Editorial: Love a Divine Gift or a Devil's Curse?

It makes me wonder whether Love is a Divine Gift or a Devil's Curse? Tarot has two cards to define love in the major arcana first being the "Lovers" while the second being the "Devil". In the prior, you will see an angel blessing the couple in love. While the latter has two lovers tied by chains and the devil sitting between them.


The first one shows that love is a divine gift of god where there is sunshine and beauty. While, the other shows that love when turned to negativity is a chain or burden that ties two people. This makes the life of the two a hell. 
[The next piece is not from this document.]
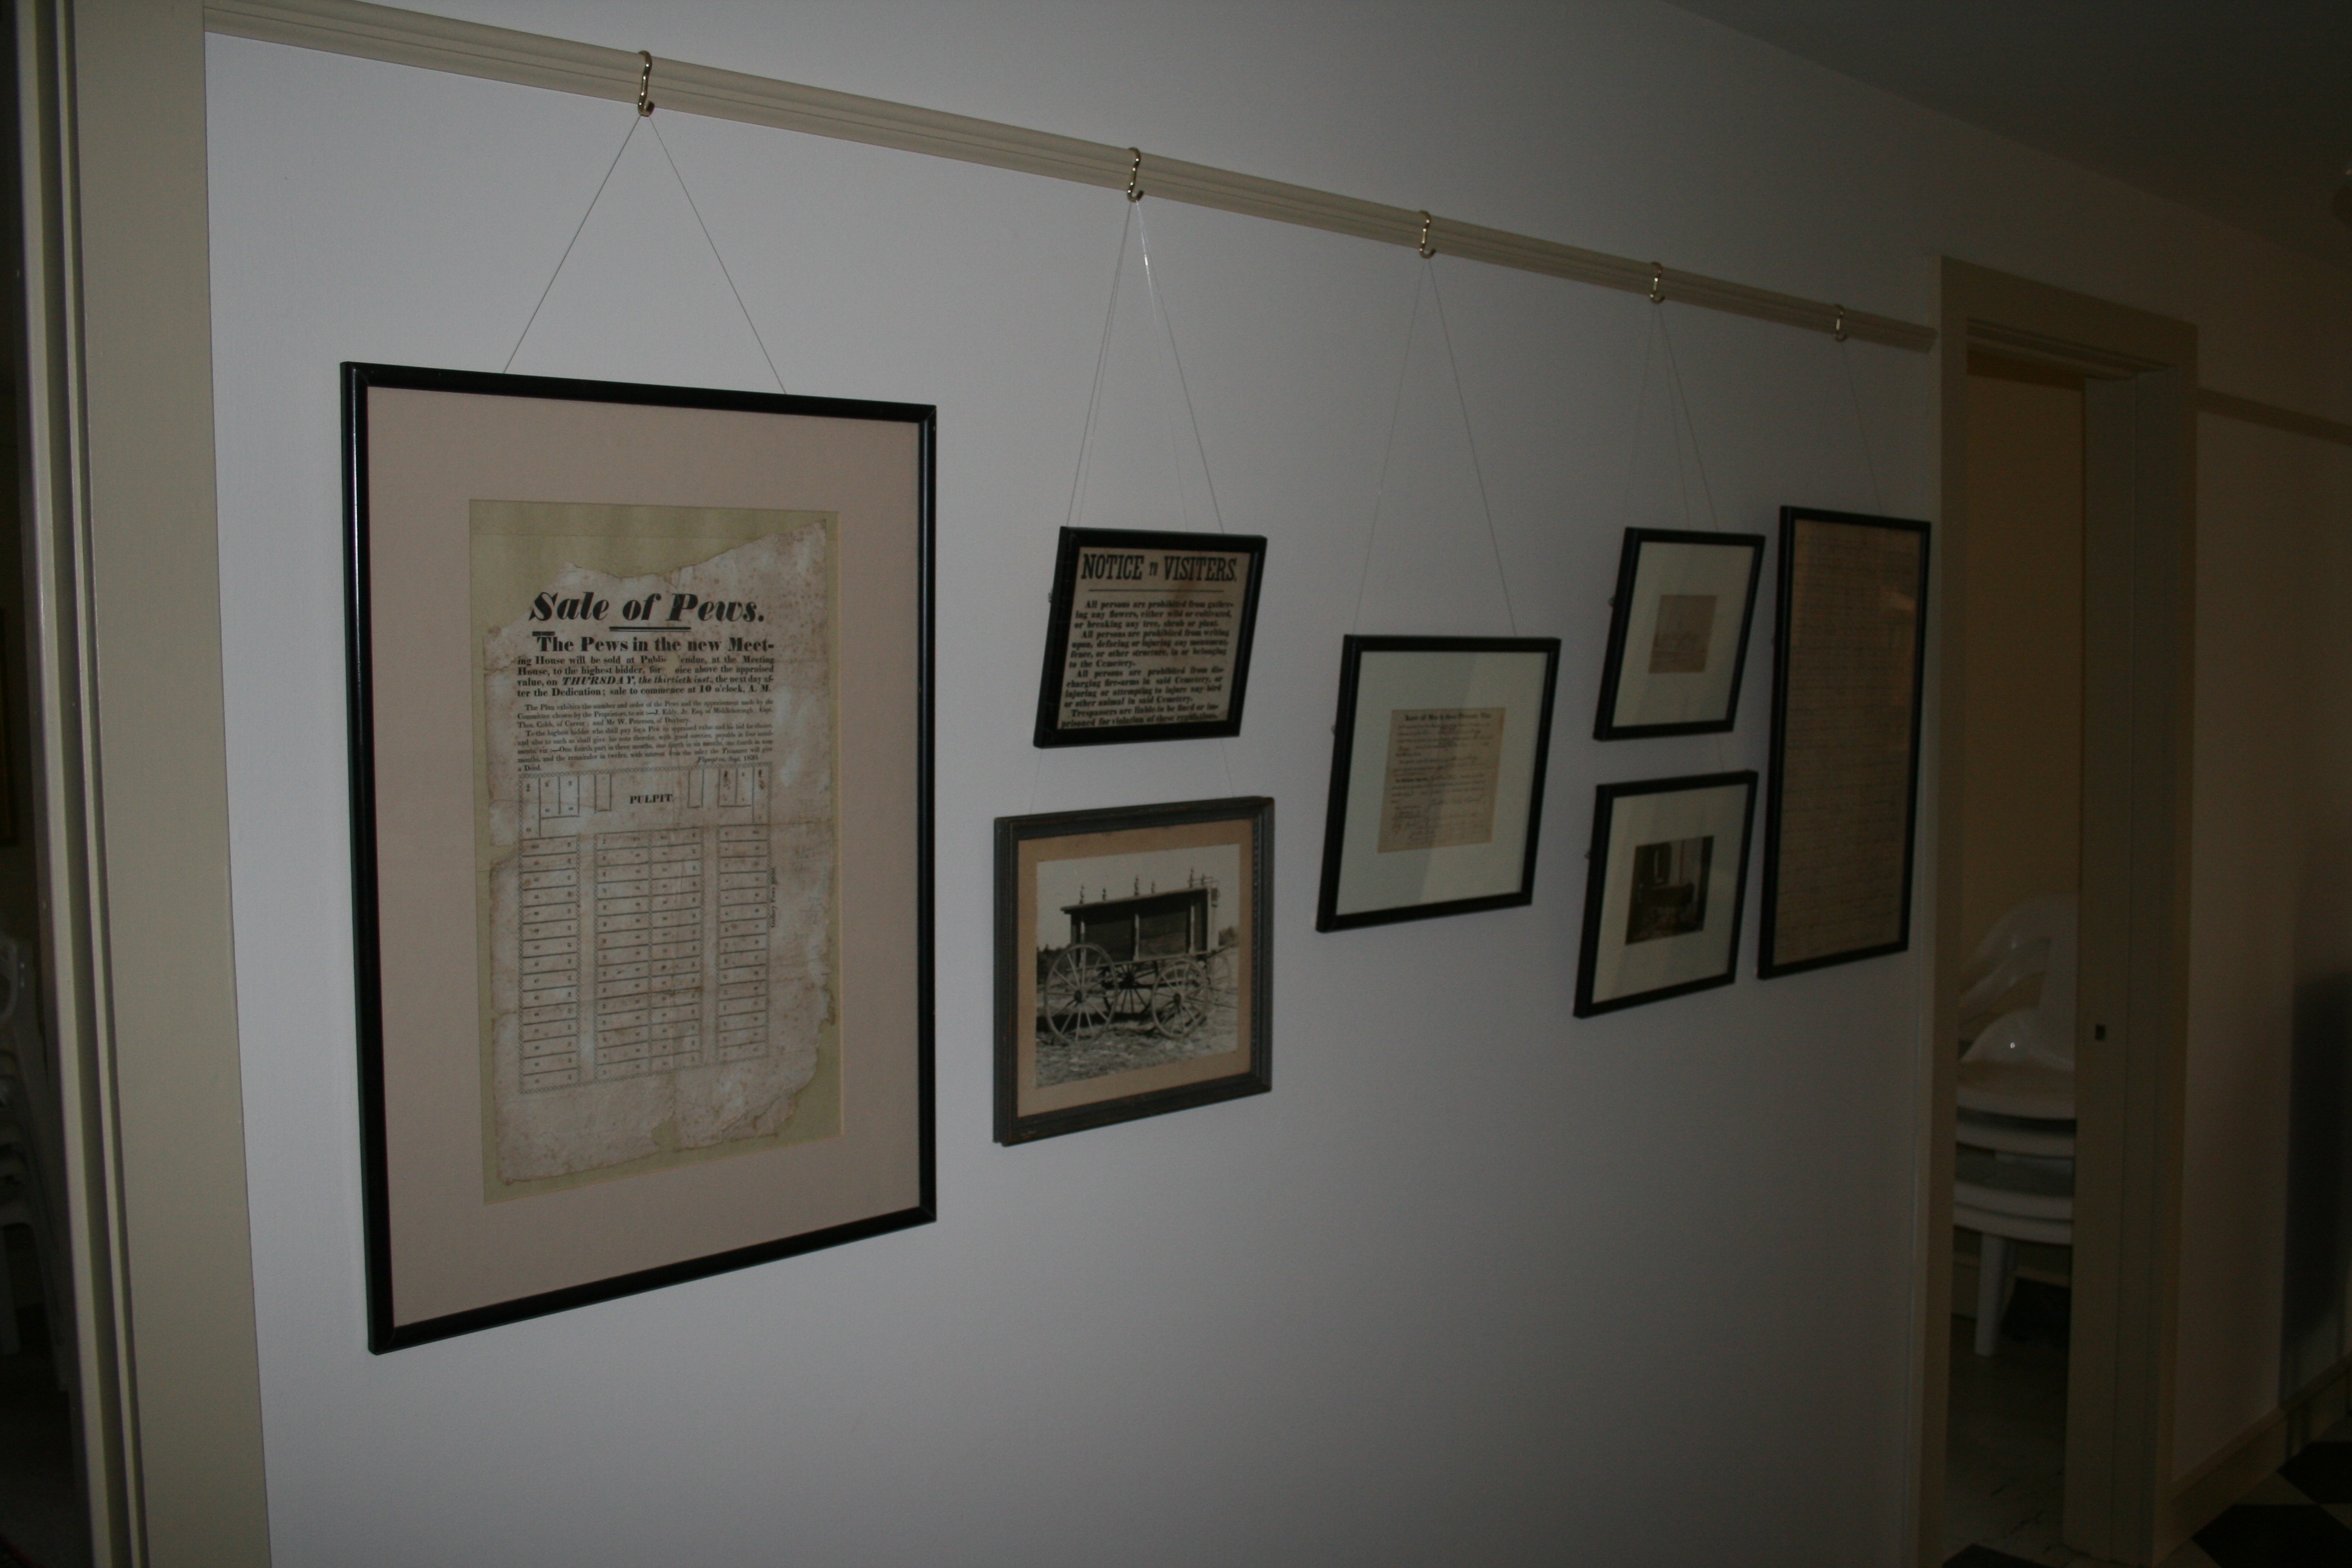 Historical photos and documents on display

Today, I think about the cards and now I thought that the best way to analyze them would be by writing this article. Being a career-oriented person never made me delve into these two cards too seriously. They were almost non-existent and useless for me. I preferred a reading where the Emperor, The Empress or The Chariot, The Judgement and The World card would feature.  But lately, my readings have these two cards along with my other favorites as frequent visitors.  Well, I have the answer, it is because of love. Although, I feel it awkward to accept that I am in love. Suddenly, you feel the shift. Something that was so important to you has a another shareholder. You get caught between the duty and the voice of your heart. My dream of getting into the  media industry and starting my own firm was once that made me move mountains.

I love my career and never loved anything more than it. I left my childhood early and started with my writing chasing my dreams. Then came a moment in my life just a year back when I felt the "heat". A gap in my stomach an experience that was never felt before. It was like an earthquake, shaking me off from my usual self and exposing be to a unknown world. I had experienced a massive earthquake in 2001 on republic day. But that was a real one yet less effective. However, this one was huge something that hit my heart straight and pierced my soul out of my body. It was love and suddenly all Bollywood songs of romance became a reality for me.
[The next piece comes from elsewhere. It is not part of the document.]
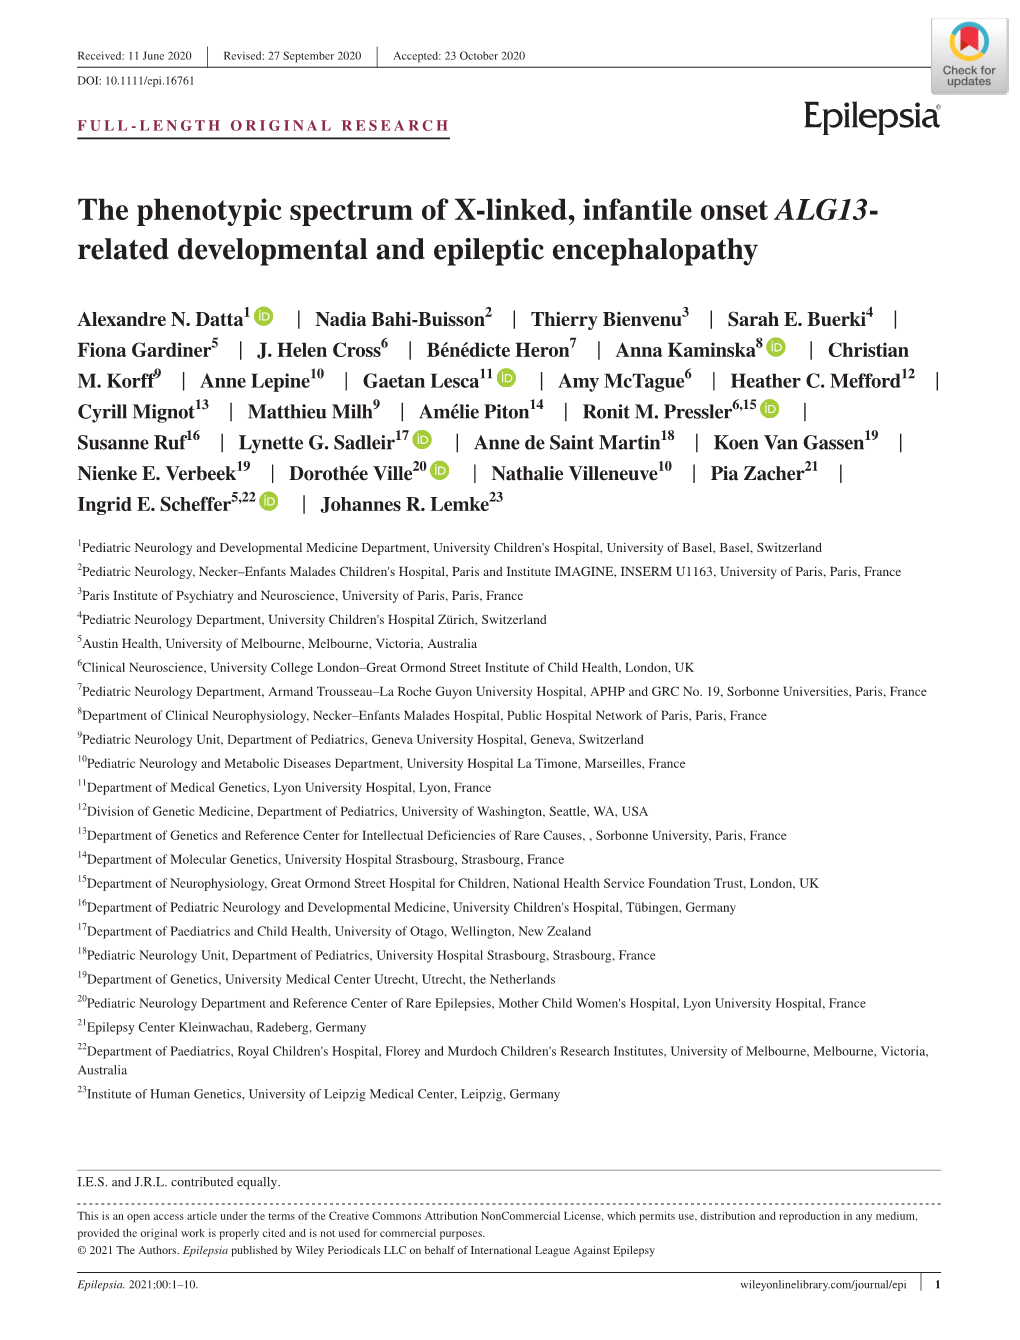 The Phenotypic Spectrum of X‐Linked, Infantile Onset ALG13‐Related

Love does give one a lifted feeling. It drifts one away from the routines into a world of drunken emotions and happiness. The feeling of melting with the another like the Lovers card shows is indeed the most ecstatic and truthful. There is nothing more rewarding than loving that person, being there for the person and caring for the significant other. It is eternal bliss.

But what if one loves for one whole big moment and then both parties return to their lives? Hmmm... sounds unusual. Also, sounds a bit crazy. Yet, this elongated moment of about 15 minutes had a deep impact on my soul. He hit me like a comet and then disappeared in the big cosmic universe.

For,  almost a year, I sent him love through my heart and made predictions for him. Surprisingly, he acted, reacted and behaved on my lines. It seemed he was listening to my cosmic advise. His rise to success from a person of no identity made me feel much better about myself. After all, I had put my money on him.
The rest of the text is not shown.